Kız yüzüme hiç bakmıyordu saygıdan başını kaldıramıyordu şu an onun tenine değen yerlerim karıncalanıyordu vücudum ona çekiliyordu onu kesinlikle saraya götürecektim ve özel oda açacaktım benden kurtuluşu yoktu
Yavaşça boynuna yaklaşıp kokusunu içime çektim kokusu çok güzeldi ve beni günaha sürüklüyordu
"Lütfen efendim bırakın beni"
"Neden bırakayım benim ruh eşim değil misin"
"Olabilir ama yakında evleneceksiniz"
"Olsun bu seninle eğlenmeyeceğim anlamına gelmiyor"
"Ne demek istiyorsunuz"
Kızdan biraz uzaklaşıp güzel gözlerine baktım yeşil gözleri beni ormandaymış gibi hissettirdi
"Seni alıp götüreceğim demek istiyorum"
"Nasıl yani benimle evlenecek misiniz"
Bu kızın hayal dünyası da çok genismiş canım
"Evlenmeyeceğim ben prenses ile evleneceğim seni de metresim yapacağım"
Kızın gözleri şokla açıldı bunu beklemiyordu bir süre sonra ifadesi hayal kırıklığına döndü
"Lütfen beni reddedin majesteleri bunu yapamam"
"Sana fikrini sormadım bu arada ismin ne"
"Maria majesteleri"
"Bak Maria sen benim ruh eşimsin seni şimdi reddetmeyi düşünmüyorum senden sıkılana kadar yanımda duracaksın sonra seni reddedeceğim"
"Yapmayın efendim ben bunu kesinlikle kabul edemem Prenses Sophia ile büyüdüm sayılır bunu ona yapamam"
Elini tutup sıkmaya başladım o kim oluyordu da bana karşı geliyordu
"Sana ne istediğini sormadım Maria yarından sonra hazır ol bir şekilde seni burdan götüreceğim"

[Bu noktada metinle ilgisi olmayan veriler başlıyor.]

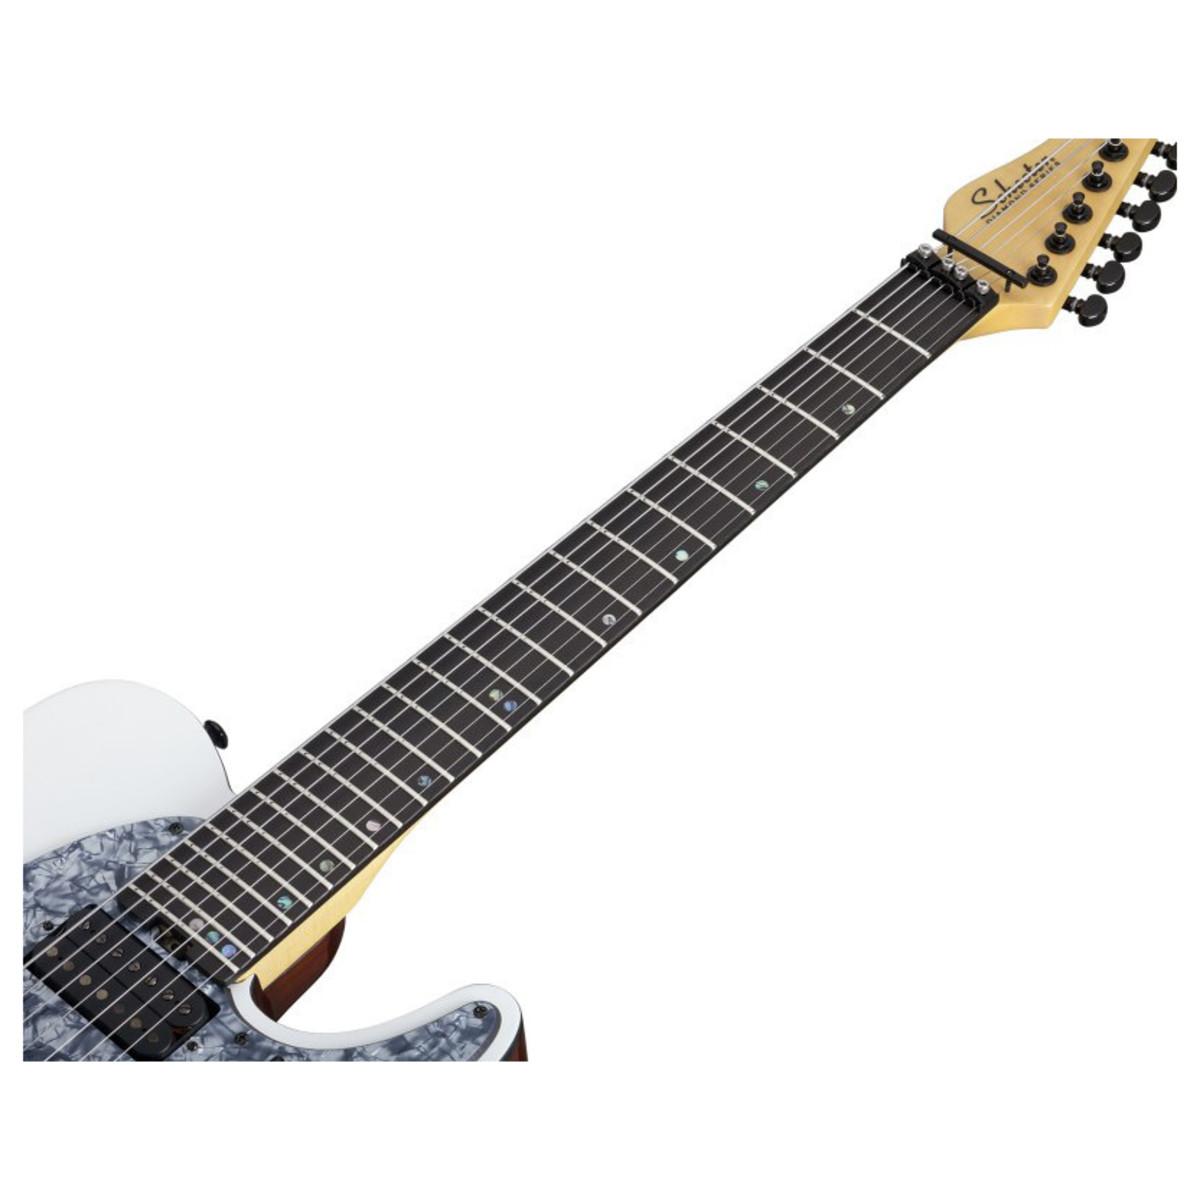 disc schecter wes hauch pt 7 fr electric guitar satin white at. Black Bedroom Furniture Sets. Home Design Ideas

"Lütfen efendim benim annem ve kız kardeşim burda onlardan ayrılmak istemiyorum ve biz çok fakiriz onlara ben bakıyorum"
Biraz düşündüm onlar için altın bırakıp hayatlarının devamını rahat geçirmelerini sağlayabilirdim
"Anneni ve kardeşini düşünme onlara yüklü miktarda altın bırakacağım"
"İstemiyorum lütfen beni bırakın ben metres olamam"
"Olacaksın kendini bu fikre alıştırsan iyi yaparsın yarın gece nişan olacak ertesi gün gideceğiz ve tek kelime daha duymak istemiyorum"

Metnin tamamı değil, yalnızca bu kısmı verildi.